I would like to add, and maybe just pick up on a point. In our discussion, I had mentioned the International Maritime Organization in London, and the need to have a level playing field for emissions. It was a bit of a passing comment and I didn't elaborate, but now that we have an opportunity, perhaps I could explain a bit more. I think this is critically important for the success of the emerging national corridor here.
Like the airline sector, we in the marine shipping industry are regulated at the international level very similarly to the air sector. The air sector is subjected to ICAO and IATA, ICAO being the UN organization setting the standard and IATA the industry association. We have in parallel IMO and ICS, the International Chamber of Shipping. In fact, I sit on the ICS industry board for Canada, regularly waving my Canadian flag. I raise this because the key ethic here is that marine shipping requires a global approach—air and marine are really two global sections—otherwise certain jurisdictions could create a competitive advantage or disadvantage. The idea is to have a level playing field of regulations applying to the entire industry, globally.

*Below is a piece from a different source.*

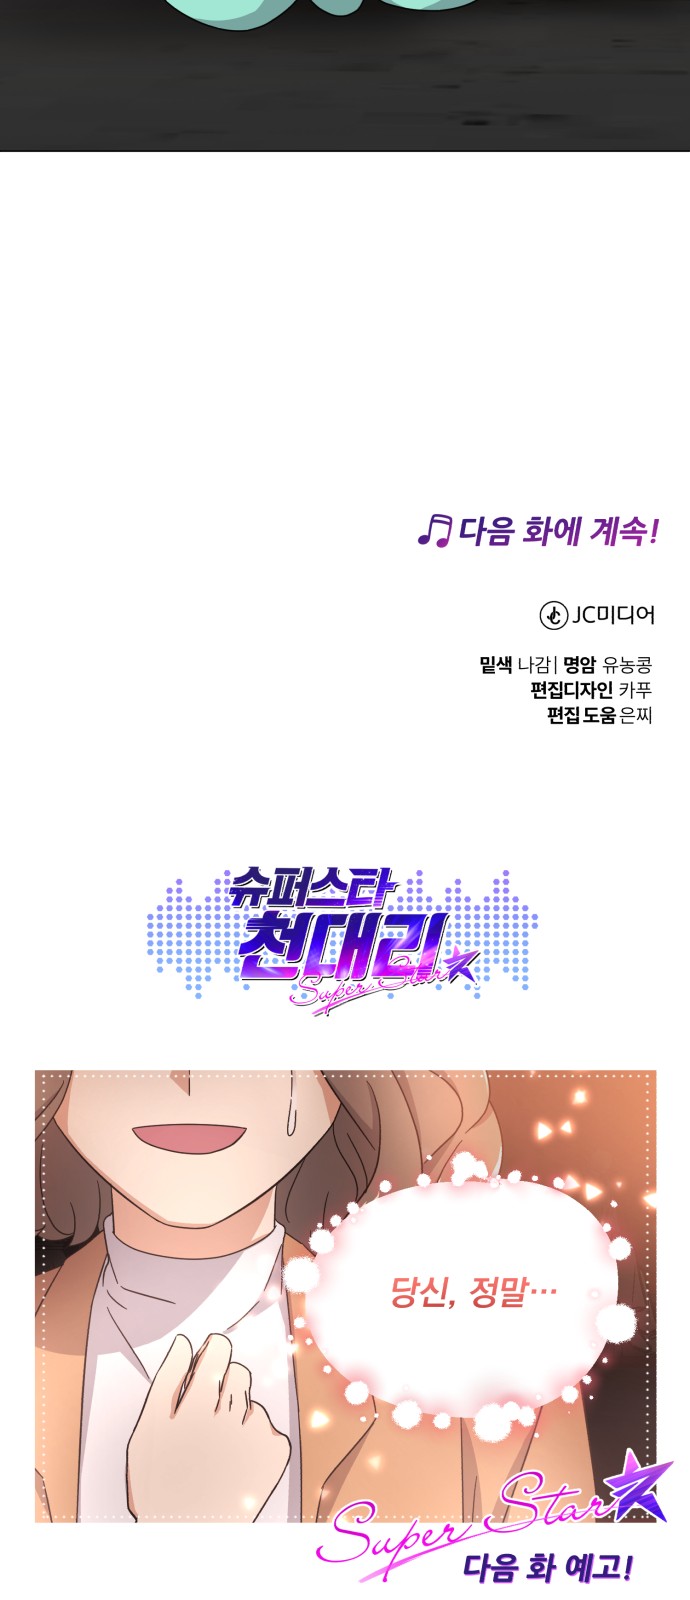 Superstar Cheon Dae-ri - Chapter 45 - Page 83

The global community is very discouraging of separate regional action and we have an emerging threat here in Canada. There's growing concern that the Canadians may be jumping up and stepping in to create regional action. If they do, it will put the Canadian shipping industry at a disadvantage vis-à-vis international shipping and vis-à-vis American shipping, with a carbon tax. If the carbon tax cascades down, it could, depending on how it applies, affect and apply to the shipping industry.
At the moment, we are part of the carbon emissions trading scheme here in Ontario. That's now being wound up. What's going to replace it? That is the question that still hasn't quite been answered. On the other hand, internationally, we're very much a part of—in fact Canada's leading the charge in some ways—creating this new program, which has just been accepted, to reduce emissions by 50% by 2050. It's a very aggressive and ambitious program and it will require a lot of interesting action, some of it regulated. Some of it will ultimately lead to a carbon levy being applied. That will all be done internationally, so another Canadian-led action on top of that one could put us at a disadvantage. That will affect the potential prosperity of this new national corridor, the Great Lakes-St. Lawrence waterway and it certainly could impact our ability to address the challenge and the opportunity to have even more trucks pulled away from the roads and more traffic moved over to the marine mode, where we all recognize we have an environmental opportunity.
In a backhanded way, that carbon tax could do just the opposite, yet we want to encourage more traffic, as we discussed earlier, away from the congested roads, which are heavy environmental polluters and so forth.
I just wanted to raise that issue with the committee because it may be something we want to talk about further.